Convert flattened CSV to nested JSON

1.4k views Asked by At

I want to create a nested JSON from a flattened CSV:

CSV:

name address_city address_state
John Mumbai MH
John Bangalore KA
Bill Chennai TN

JSON:

[
 {
  "name": "John",
  "address": [
              {
               "city": "Mumbai",
               "state": "MH"
              },
              {
               "city": "Bangalore",
               "state": "KA"
             }
            ]
 },
 {
  "name": "Bill",
  "address": [
              {
               "city": "Chennai",
               "state": "TN"
              }
            ]
 }
]

I'm using univocity parser with @Nested annotation like this:

@Nested(headerTransformer = AddressTypeTransformer.class, args = "address")
private Address address;

and I'm getting JSON output as below, which has the address object and not array which is perfectly fine:

[
 {
  "name": "John",
  "address": {
               "city": "Mumbai",
               "state": "MH"
              }
 },
 {
  "name": "John",
  "address": {
               "city": "Mumbai",
               "state": "MH"
             }
 },
 {
  "name": "Bill",
  "address": {
               "city": "Chennai",
               "state": "TN"
              }
 }
]

But when i change the code to make the address as array:

@Nested(headerTransformer = AddressTypeTransformer.class, args = "address")
private Address[] address;

I get following error:

Exception in thread "main" com.univocity.parsers.common.DataProcessingException: Unable to instantiate class '[Lcom.ss.beans.Address;'
Internal state when error was thrown: line=2, column=0, record=1, charIndex=58, headers=[id, name, address_city, address_state],

Why the @Nested annotation is not working with arrays/lists? How can I solve this problem?

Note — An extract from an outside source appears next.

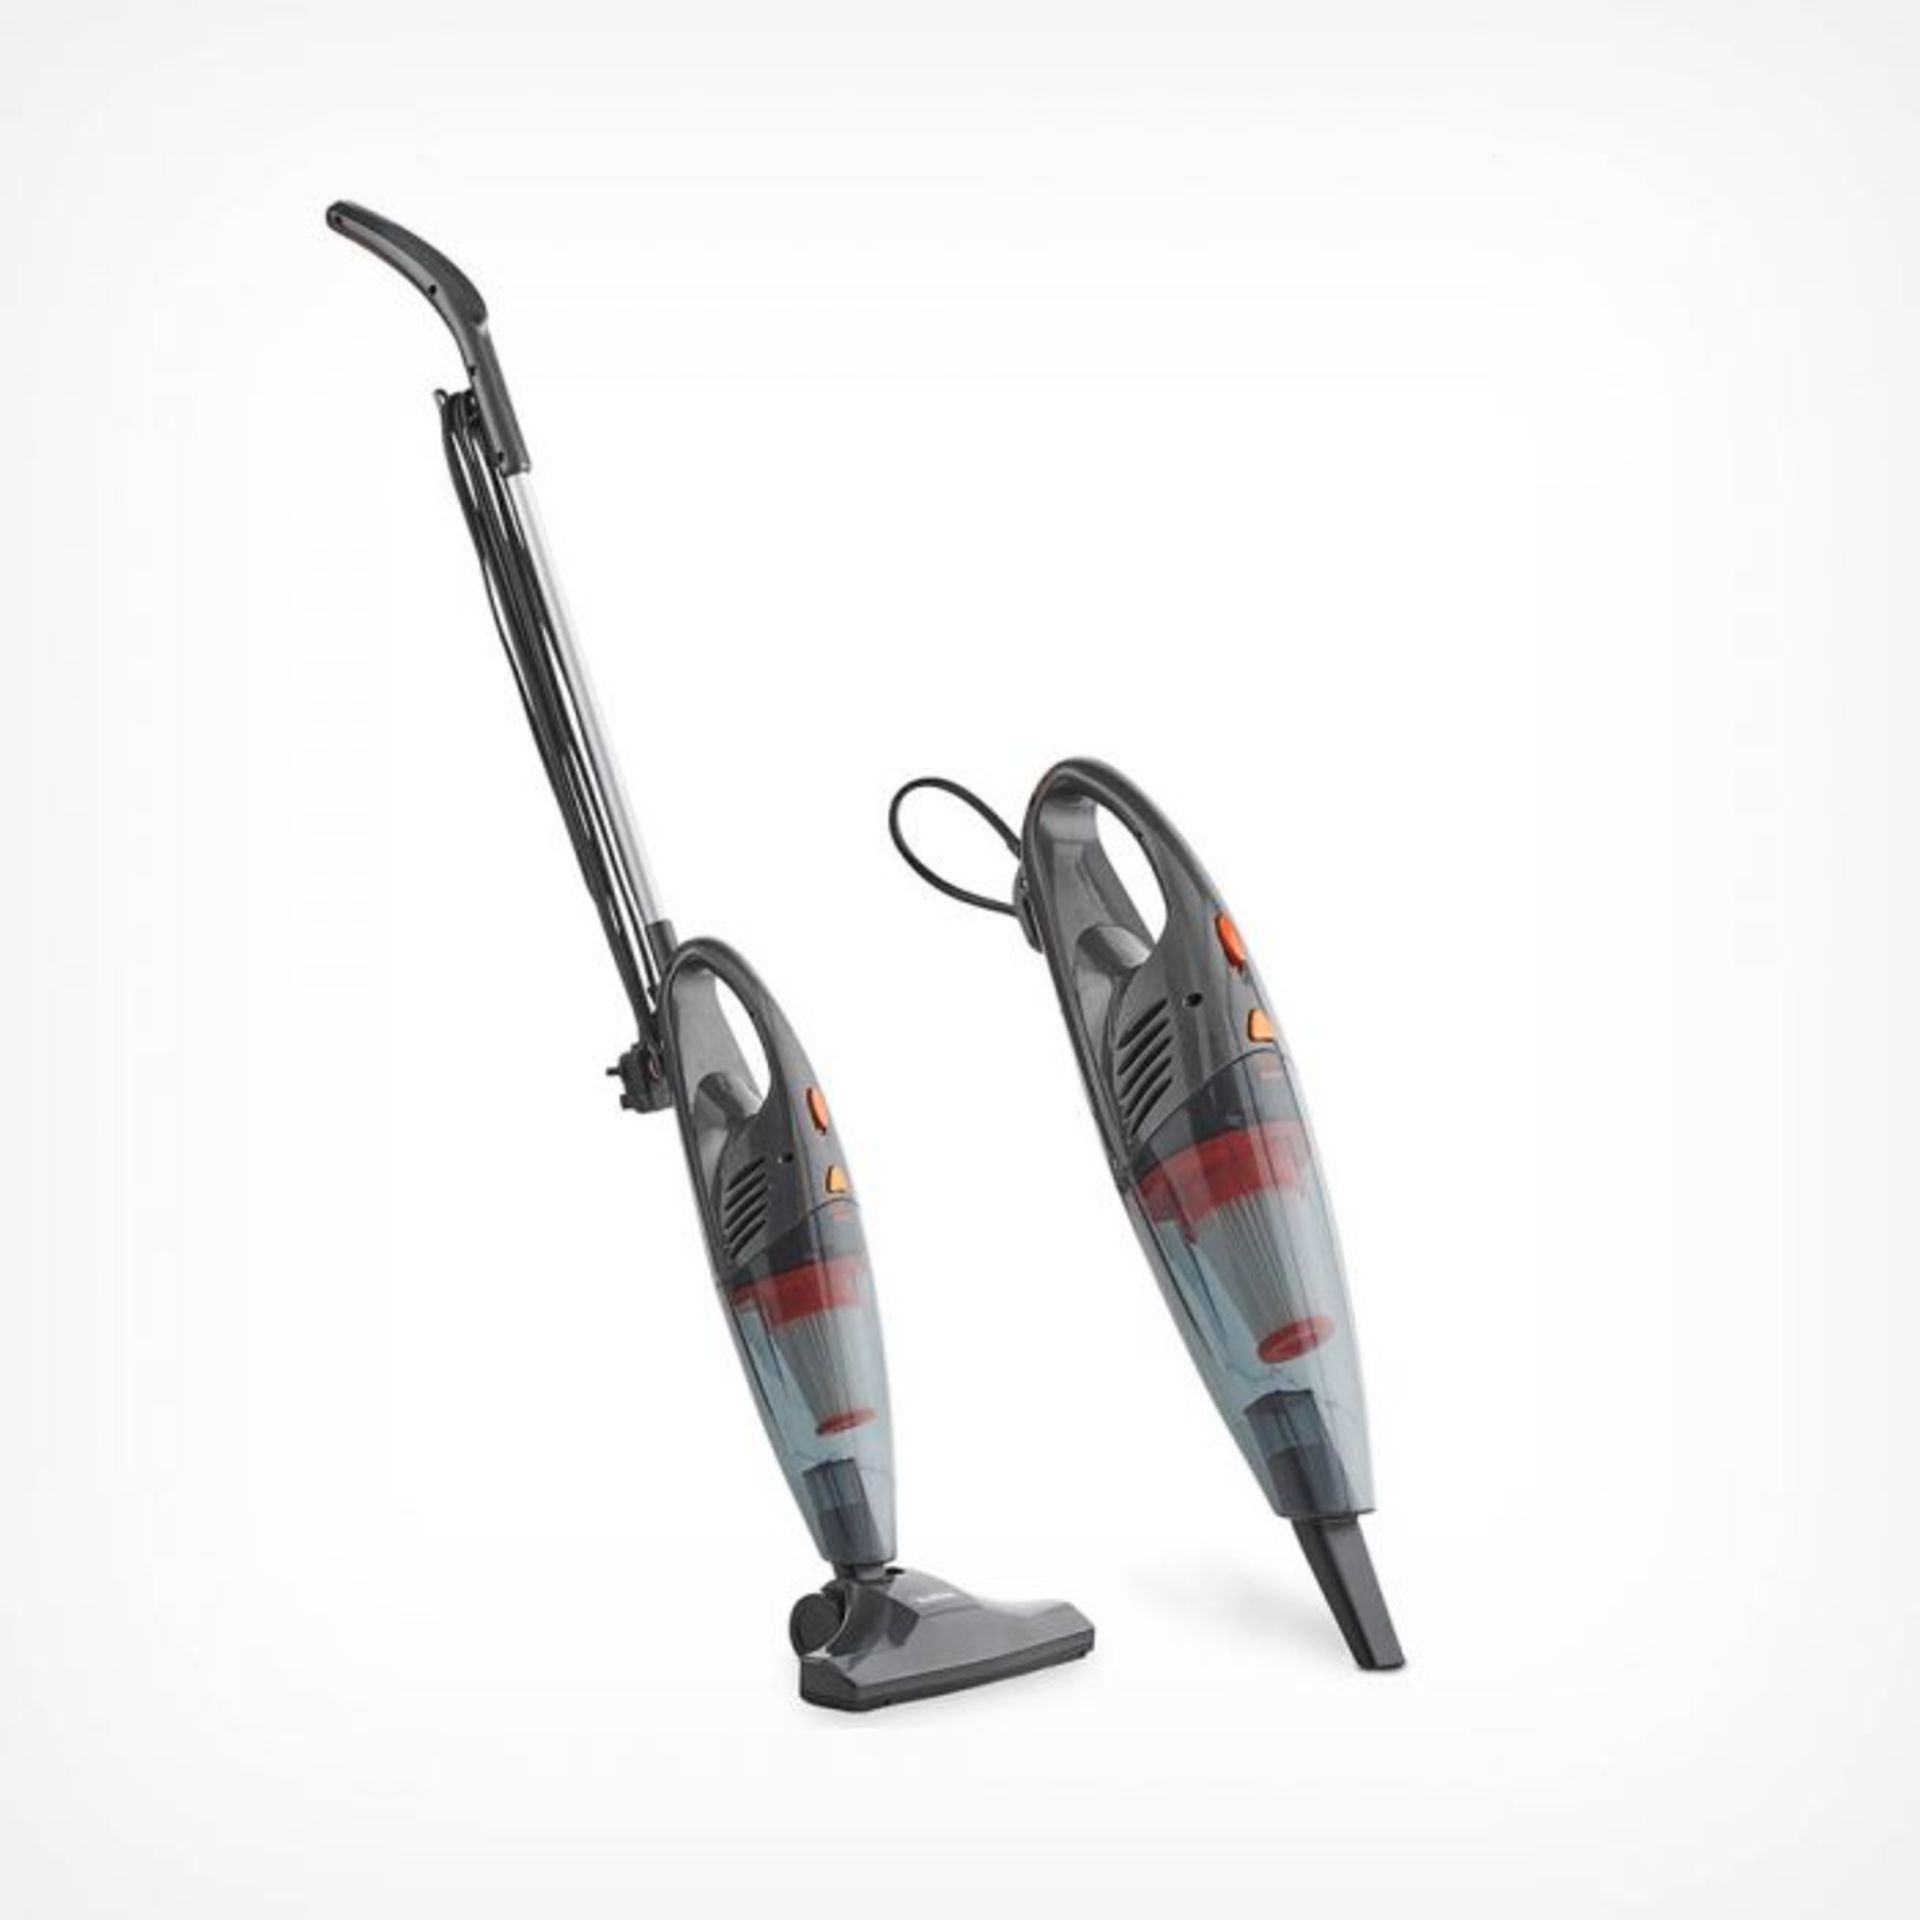 2 in 1 Stick Vacuum 600W - Grey. Don’t struggle with large, heavy vacuum cleaners - with this

Is there any other way to solve this problem without using univocity?

PS: I'm asking this question after following the reply from @Jeronimo Backes in this post: Convert CSV data into nested json objects using java library

1

There are 1 answers

0
andrewJames On

Here is my approach:

The test data (in my case, the fields are tab-separated):

name    address_city    address_state
John    Mumbai  MH
John    Bangalore   KA
Bill    Chennai TN

The imports I used:

import com.google.gson.Gson;
import com.univocity.parsers.common.processor.BeanListProcessor;
import com.univocity.parsers.csv.CsvParser;
import com.univocity.parsers.csv.CsvParserSettings;
import java.io.File;
import java.io.FileReader;
import java.io.IOException;
import java.io.Reader;
import java.nio.charset.StandardCharsets;
import java.util.HashMap;
import java.util.List;
import java.util.Map;

The processing code:

//
// parse the source file into a list of SourceRecord beans:
//
Reader reader = new FileReader(new File("C:/tmp/univocity_demo.csv"), StandardCharsets.UTF_8);
BeanListProcessor<SourceRecord> processor = new BeanListProcessor<>(SourceRecord.class);
CsvParserSettings parserSettings = new CsvParserSettings();
parserSettings.getFormat().setDelimiter("\t"); // tab separated data
parserSettings.getFormat().setLineSeparator("\n");
parserSettings.setProcessor(processor);
CsvParser parser = new CsvParser(parserSettings);
parser.parse(reader);
List<SourceRecord> sourceRecords = processor.getBeans();

//
// process those SourceRecord objects into consolidated Name beans:
//
Map<String, Name> namesMap = new HashMap<>();
sourceRecords.forEach(sourceRecord -> {
    String sourceName = sourceRecord.getName();
    if (namesMap.containsKey(sourceName)) {
        namesMap.get(sourceName).getAddresses().add(sourceRecord.getAddress());
    } else {
        Name name = new Name();
        name.setName(sourceName);
        name.getAddresses().add(sourceRecord.getAddress());
        namesMap.put(sourceName, name);
    }
});

//
// convert to JSON:
///
Gson gson = new Gson();
String json = gson.toJson(namesMap.values());

The SourceRecord bean is as follows. Note that we do not need anything other than the basic @Nested annotation, here:

public class SourceRecord {
    
    @Parsed(field = "name")
    private String name;
    
    @Nested
    private Address address;

    // getters/setters not shown

}

Here are the output Name and Address beans. Note I am using the field name addresses (not address) in the Name bean:

public class Name {
    
    private String name;
    
    private final List<Address> addresses = new ArrayList<>();

    // getters/setters not shown
}

And the Address bean - this is used both for the final output and also when reading the source file (hence the annotations are needed):

public class Address {
    
    @Parsed(field = "address_city")
    private String city;
    
    @Parsed(field = "address_state")
    private String state;

    // getters/setters not shown
    
}

The final JSON is:

[{
    "name": "John",
    "addresses": [{
        "city": "Mumbai",
        "state": "MH"
    }, {
        "city": "Bangalore",
        "state": "KA"
    }]
}, {
    "name": "Bill",
    "addresses": [{
        "city": "Chennai",
        "state": "TN"
    }]
}]